Fecal incontinence (FI) is a distressing symptom that substantially impairs quality of life and requires management tailored to its cause and severity. Since the publication of the 2017 edition of the Japanese Practice Guidelines for Fecal Incontinence, awareness and clinical implementation have progressively expanded. The revised second edition was released in November 2024. This review outlines the current diagnosis and treatment for FI, with reference to key updates in the 2024 guidelines.
FI is defined as involuntary loss of feces through the anus, either unconsciously or against one's will. In Japan, its prevalence is approximately 4.0% in adults aged 20–65 years and 7.5% in those over 65. Contributing pathophysiological factors include stool consistency; the function of defecation-related musculature; anorectal sensory function; rectal pressure, capacity and compliance; colonic function; and cognitive and motor function.
FI symptoms are categorized into passive and urge incontinence. Diagnostic evaluation involves history-taking, digital anorectal examination, anorectal physiological testing, and endoanal ultrasonography.
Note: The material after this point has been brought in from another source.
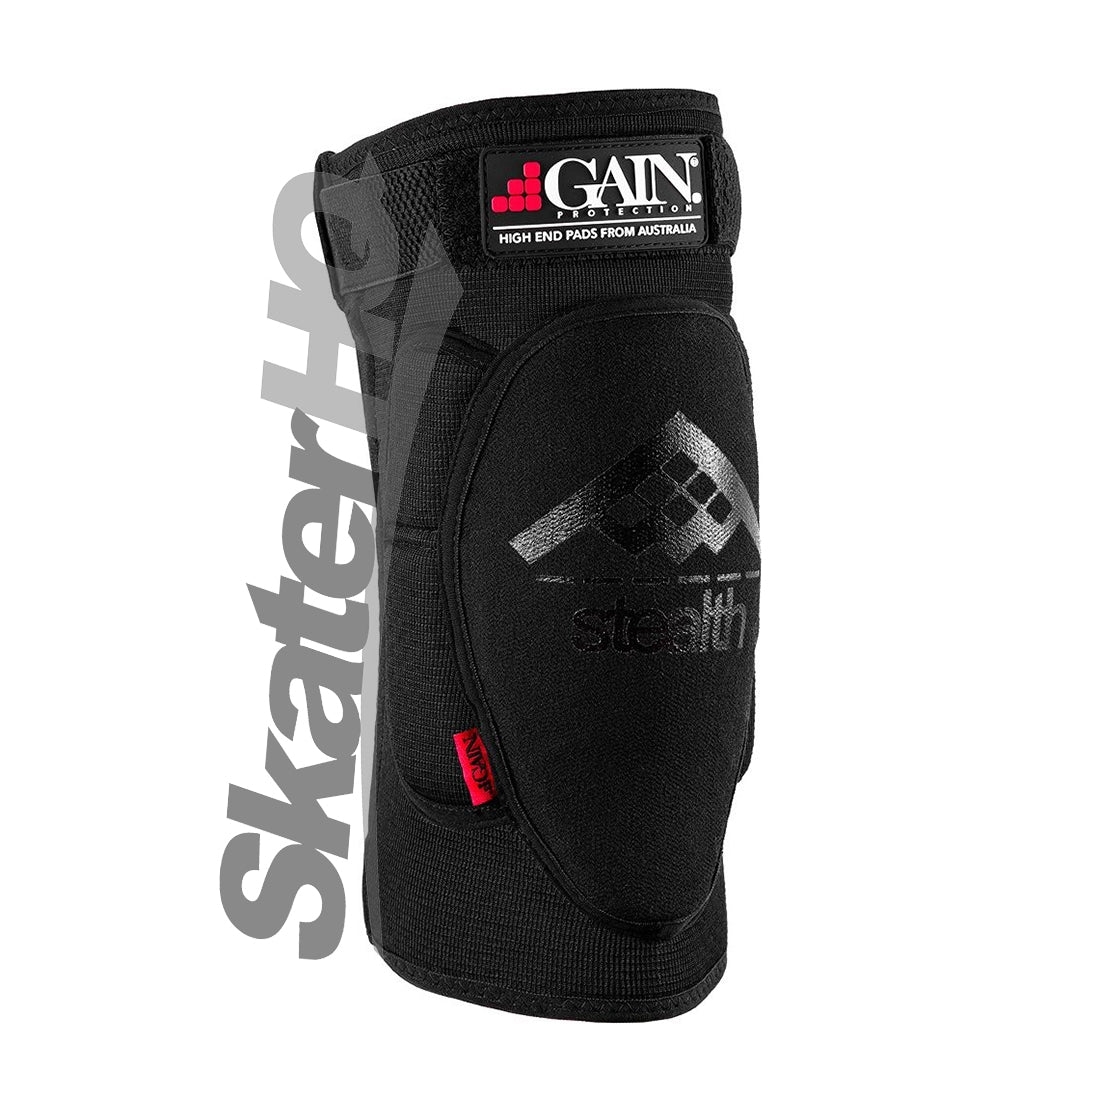 GAIN Stealth Knee Pads - Black - S Protective Gear

Management strategies are classified into three tiers: initial treatment, specialized conservative therapy, and surgical intervention. A stepwise approach, commencing with the least invasive modality, is generally recommended.
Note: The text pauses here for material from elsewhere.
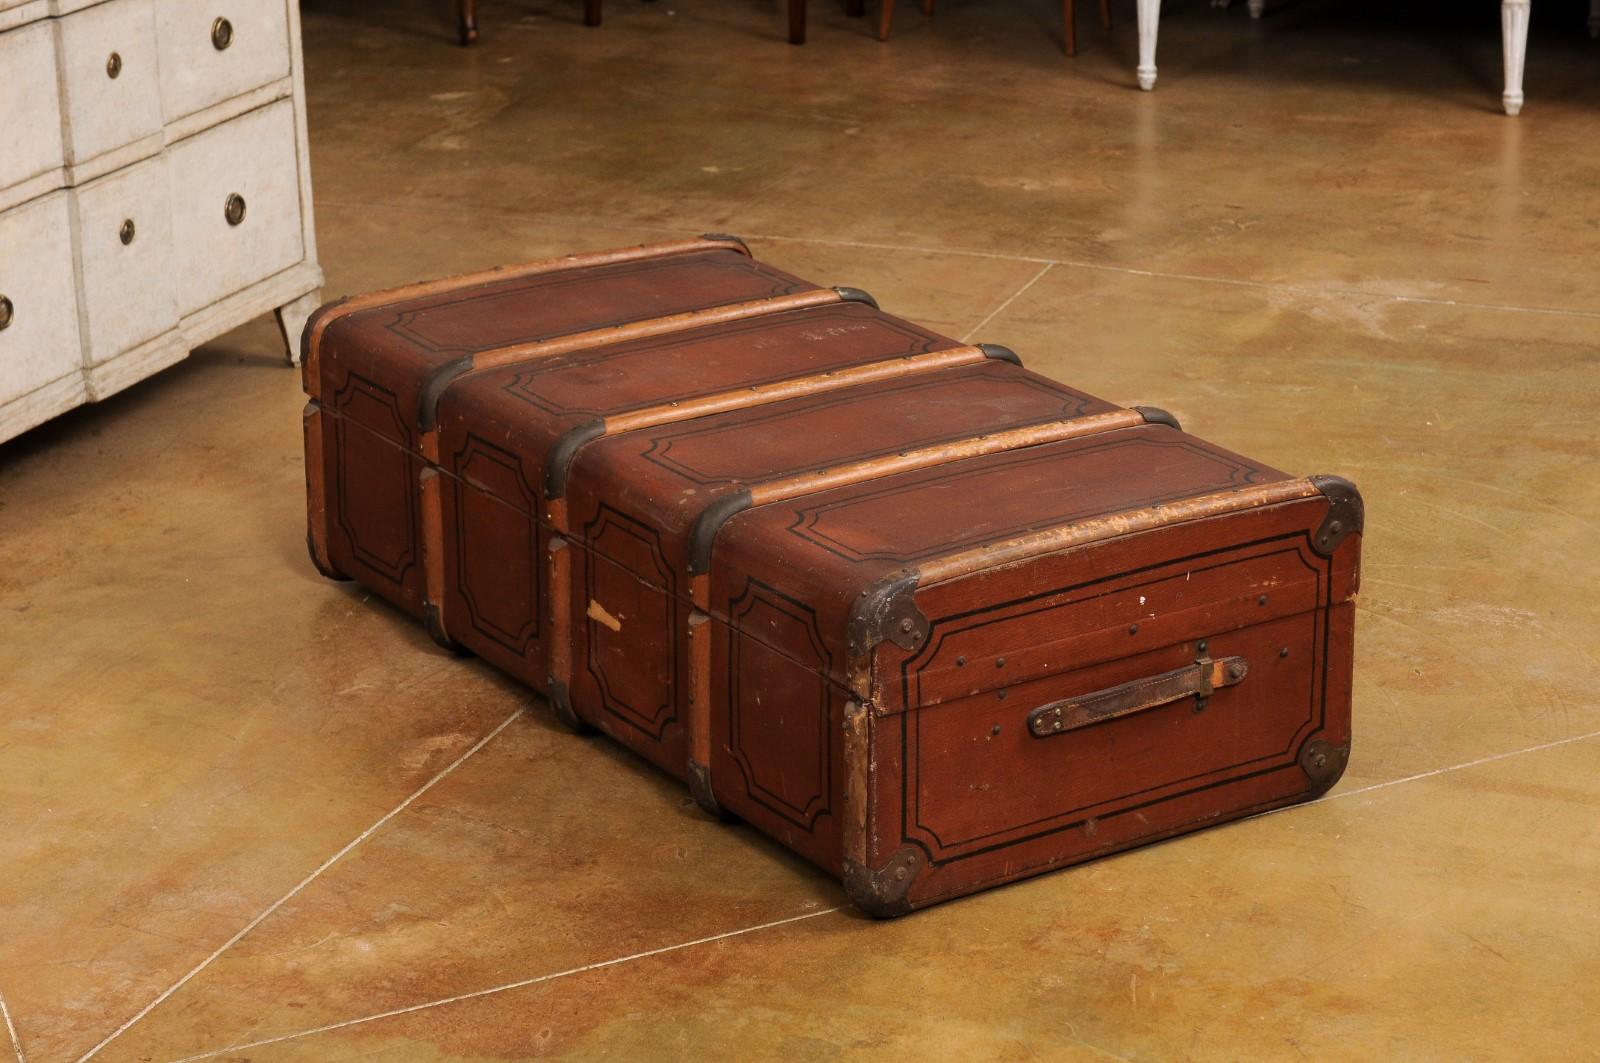 Italian 20th Century Leather, Wood and Brass Travel Trunk with Rustic Character For Sale 6

Initial treatment comprises dietary and lifestyle modification, bowel habit training, skin care, adjustment of oral medications such as laxatives, and pharmacological therapy. Specialized conservative therapies include pelvic floor muscle training, biofeedback therapy, and transanal irrigation. Among surgical options, sacral neuromodulation and sphincteroplasty are regarded as first-line procedures, whereas gastrointestinal stoma creation is considered a second-line intervention. Anal sphincter restoration using regenerative medicine is an emerging area of ongoing research.